Анюткина любовь

 «Эх, война, война, война, она меня обидела,
Она заставила любить, кого я ненавидела…..» - тихонько пропела пожилая женщина и вздохнула, вытирая слёзы.
-Вот, девонька, так и меня эта война проклятая заставила любить не того, кого любила.
     Анна Павловна ещё раз вздохнула, молчала долго, думая о чём-то своём. Почувствовав себя лишней, я  посмотрела в окно, открыла сумочку, всем своим видом показывая, что пора уходить. Но Анна Павловна взглянула на меня своими карими, выцветшими глазами, которые  обрамляли мелкие сеточки морщинок.
- Любила я, девонька, своего Петрушу. До войны это было, любовь у нас была большая. Не война бы, наверное счастливей меня на свете человека не было. Он меня только Анютка звал, когда Аннушка, больше имени не было.  Гуляли с ним вдоль реки, где цвели  огромные  черёмухи, аромат разливался по всей деревне…. красиво было. Он прижимал меня к себе, гладил мои длинные чёрные волосы и Соловушкой своей называл. Любила я петь частушки, много знала их, начнём, бывалоче,  петь, всех перепою. А  плясала как, на балалайке играла….  Вот и называл Соловушкой. В деревне все ждали нашу свадьбу, кто в шутку, кто всерьёз, называли женихом и  невестой… 
         Был у Петруши брат- близнец, Прохор. Одна мать родила, один отец, похожи лицом как две капли воды, но до чего разные они были. Петруша мой был ласковый, нежный. И не только со мной. В школе его учителя любили, мать  в нём души не чаяла, он никогда не дрался с ребятами и  девчат не обижал. Кончил курсы трактористов, в колхозе работал, на Доске почёта был. Проша был полной противоположностью. Где Прохор - там и драка, где Прохор - там девчонки визжат и кричат, никто не хотел с ним дружить,  из школы его выгнали, уехал в город, работал  на заводе, надолго не хватило, вернулся в колхоз. И здесь ему не нравилось.

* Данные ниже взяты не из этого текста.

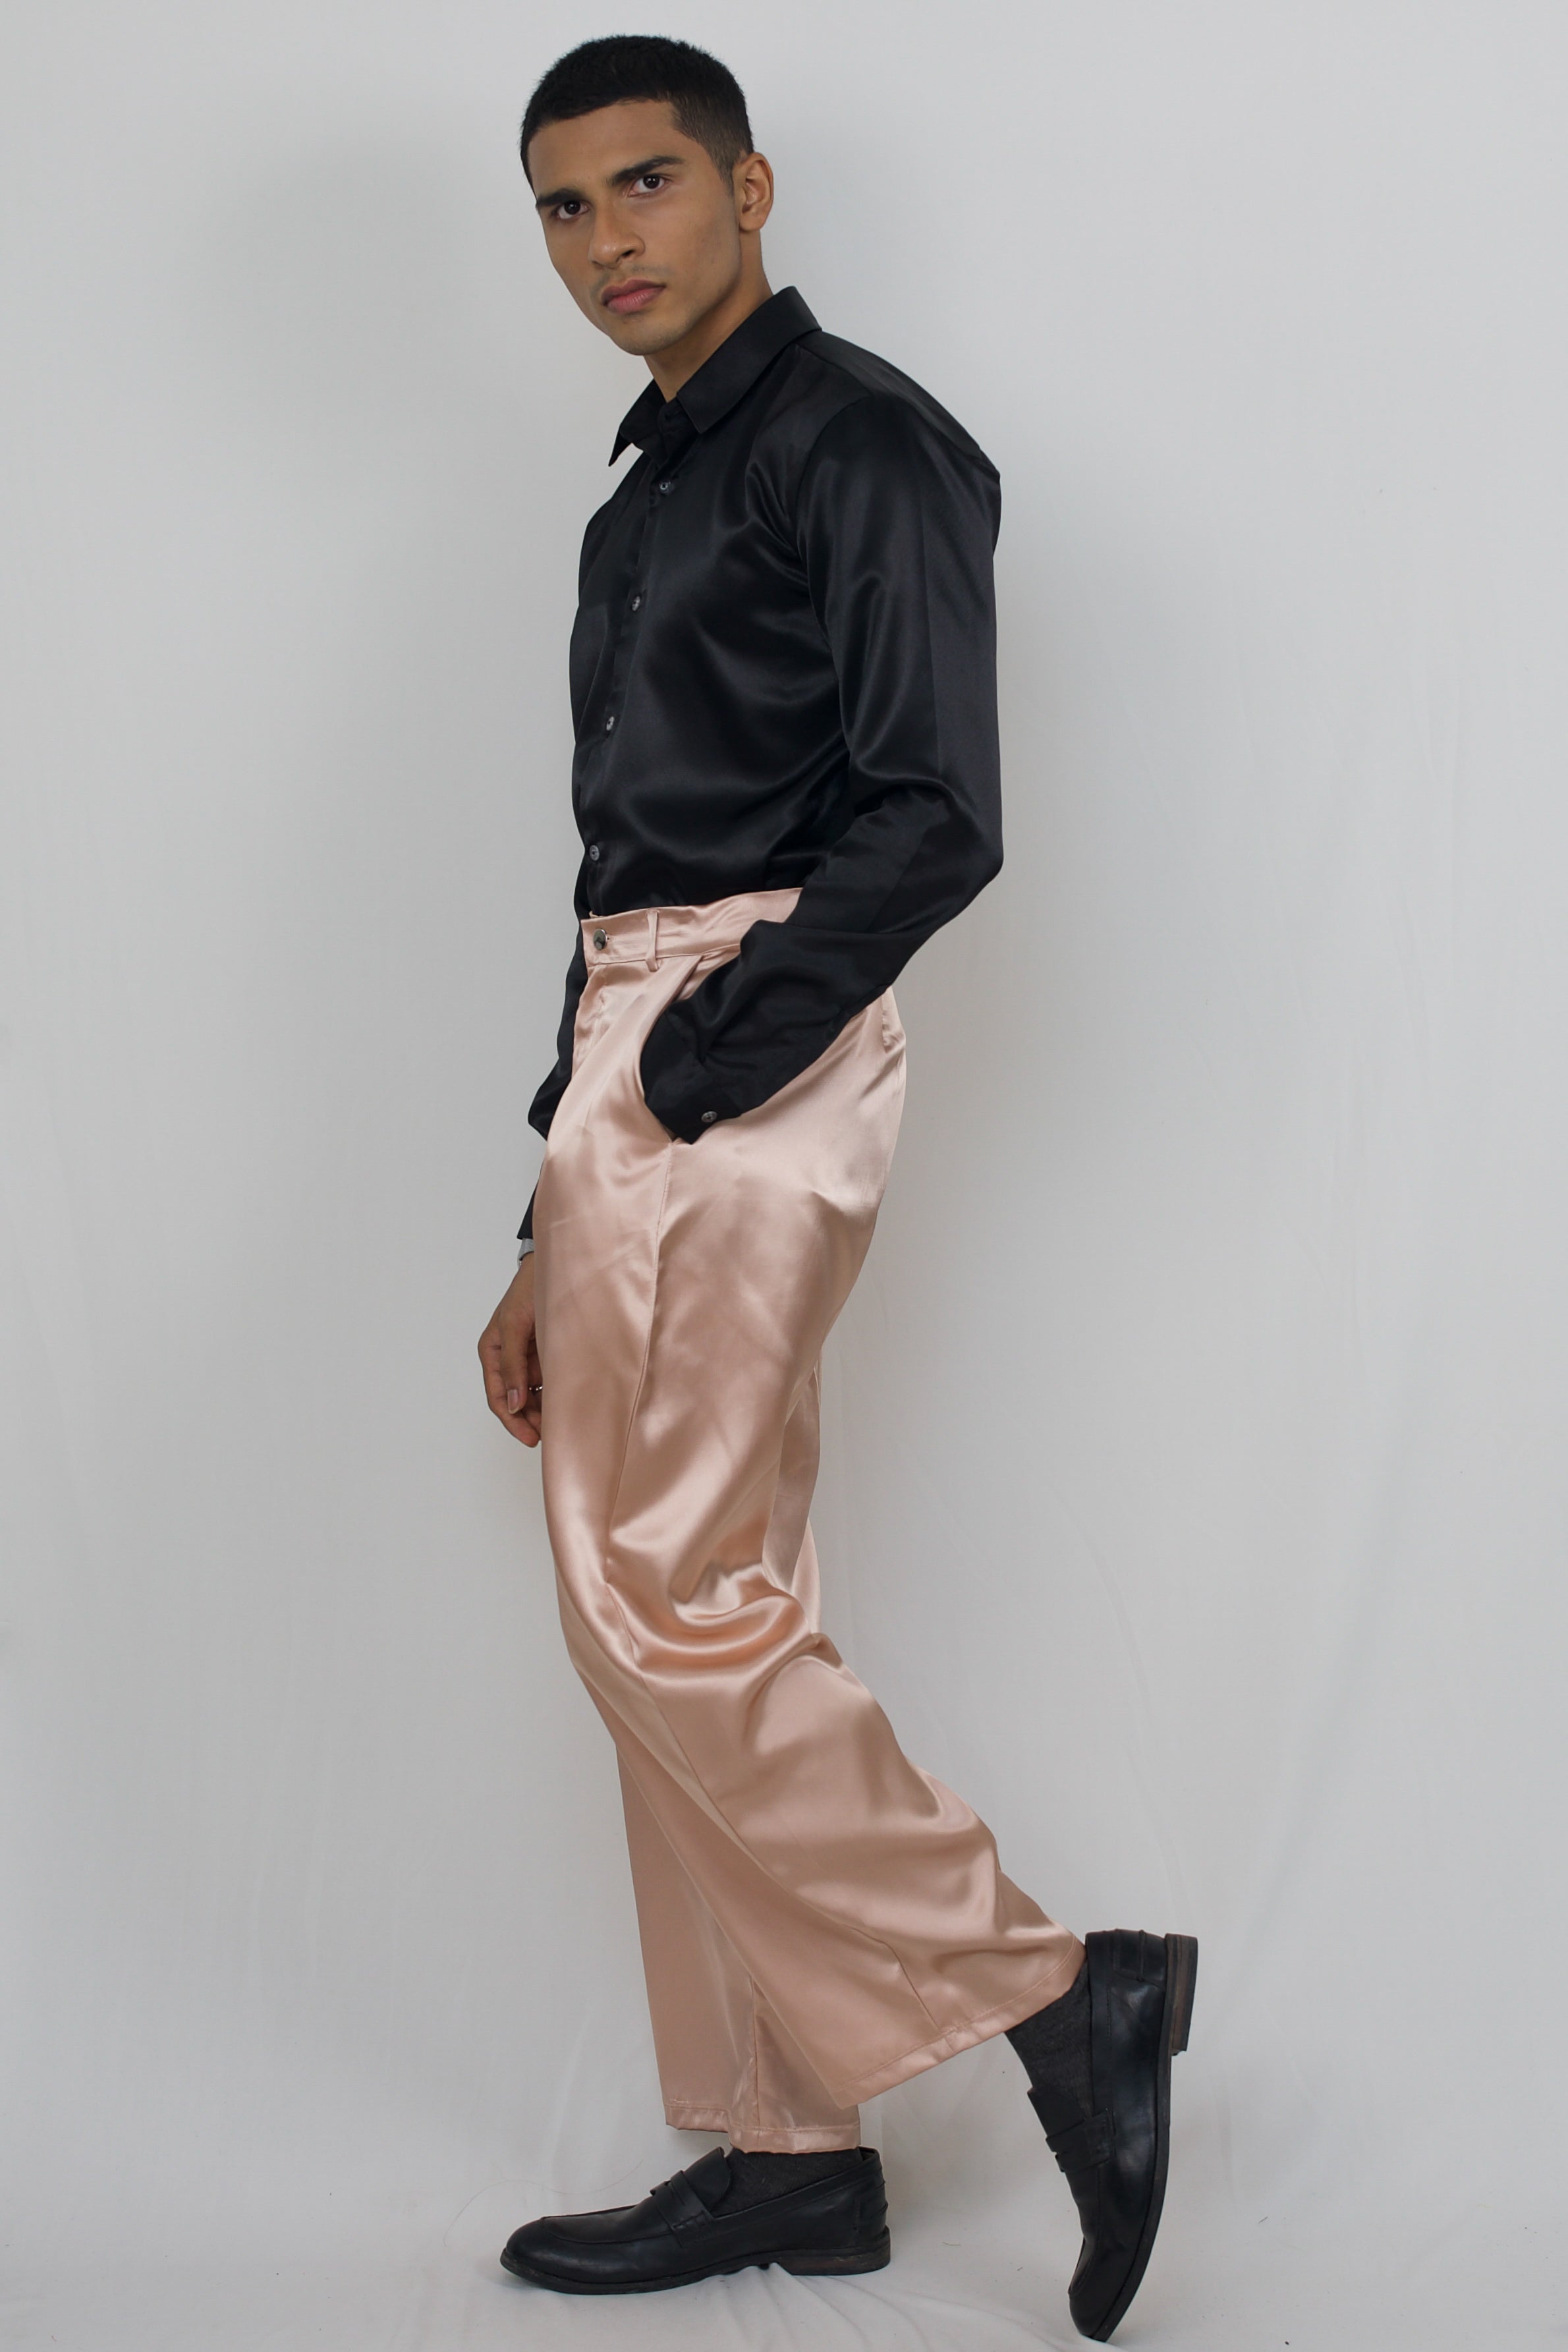 GenesinlifeShops Sweden - Fendi Black Pants - 'Jiro' satin trousers Nanushka

     Петруше моему он прохода не давал. До чего доходило - мы в поле гулять, он за нами следил. Чем больше ребят и девчат на гулянке, тем больше он над Петрушей измывался. Смеялся над ним, мол что это за подругу такую худышку нашёл, вон сколько красавиц кругом. А то скажет - да что это вы всё за ручку ходите, хоть бы когда  поцеловал свою Аньку. Я терпеть не могла этого Прохора. Но что делать - брат Петруши. А Петруша  уговаривал, мол, не обращай внимания, это он так шутит.

     Воскресенье было. Праздник нам председатель устроил - отсевки. Накрыли общий стол на поляне возле правления, колхозная стряпуха наварила-напарила, из дому принесли кто что мог, пива наварили огромные бочки, с расчётом, что на два-три  дня отсевки затянутся. Таков уж обычай у нас был, большое ведь дело было сделано - в две смены работали, пахали и сеяли - заслужили.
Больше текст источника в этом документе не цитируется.